[Dataset content]:
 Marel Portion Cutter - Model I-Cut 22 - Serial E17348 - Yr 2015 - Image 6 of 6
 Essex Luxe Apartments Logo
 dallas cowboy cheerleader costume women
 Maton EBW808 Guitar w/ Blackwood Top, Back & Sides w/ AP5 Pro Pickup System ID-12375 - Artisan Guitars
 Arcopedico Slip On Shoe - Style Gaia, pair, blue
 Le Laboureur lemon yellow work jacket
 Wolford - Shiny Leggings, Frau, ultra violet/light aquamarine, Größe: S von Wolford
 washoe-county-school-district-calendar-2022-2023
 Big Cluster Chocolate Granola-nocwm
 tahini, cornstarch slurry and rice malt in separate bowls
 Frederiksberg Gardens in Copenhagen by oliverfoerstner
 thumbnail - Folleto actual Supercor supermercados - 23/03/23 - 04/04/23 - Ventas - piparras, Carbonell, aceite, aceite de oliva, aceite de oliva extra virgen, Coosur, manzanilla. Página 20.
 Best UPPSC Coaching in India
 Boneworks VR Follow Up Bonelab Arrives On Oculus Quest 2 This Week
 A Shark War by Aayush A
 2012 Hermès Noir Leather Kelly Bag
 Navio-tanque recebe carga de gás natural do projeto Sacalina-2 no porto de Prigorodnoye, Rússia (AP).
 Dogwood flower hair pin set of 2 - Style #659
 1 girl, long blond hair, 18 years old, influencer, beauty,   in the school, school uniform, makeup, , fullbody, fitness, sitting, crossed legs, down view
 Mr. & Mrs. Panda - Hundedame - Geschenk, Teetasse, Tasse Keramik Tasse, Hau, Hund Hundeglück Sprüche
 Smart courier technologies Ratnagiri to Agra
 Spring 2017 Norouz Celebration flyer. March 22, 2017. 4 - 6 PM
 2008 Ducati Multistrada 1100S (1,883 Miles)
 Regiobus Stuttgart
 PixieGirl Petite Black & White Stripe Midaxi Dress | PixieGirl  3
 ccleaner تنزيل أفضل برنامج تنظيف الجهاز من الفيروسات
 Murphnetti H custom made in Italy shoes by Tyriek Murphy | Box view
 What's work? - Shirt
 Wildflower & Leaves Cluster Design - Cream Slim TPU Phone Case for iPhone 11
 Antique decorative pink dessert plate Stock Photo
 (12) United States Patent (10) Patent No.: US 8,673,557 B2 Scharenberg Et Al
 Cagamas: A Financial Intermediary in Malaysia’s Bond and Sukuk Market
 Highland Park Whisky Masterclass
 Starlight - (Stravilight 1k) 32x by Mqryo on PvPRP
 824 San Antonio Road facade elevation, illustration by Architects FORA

[What is required]:
Scan the material for "school" and copy the lines that hold it.

[Task answer]:
 washoe-county-school-district-calendar-2022-2023
 1 girl, long blond hair, 18 years old, influencer, beauty,   in the school, school uniform, makeup, , fullbody, fitness, sitting, crossed legs, down view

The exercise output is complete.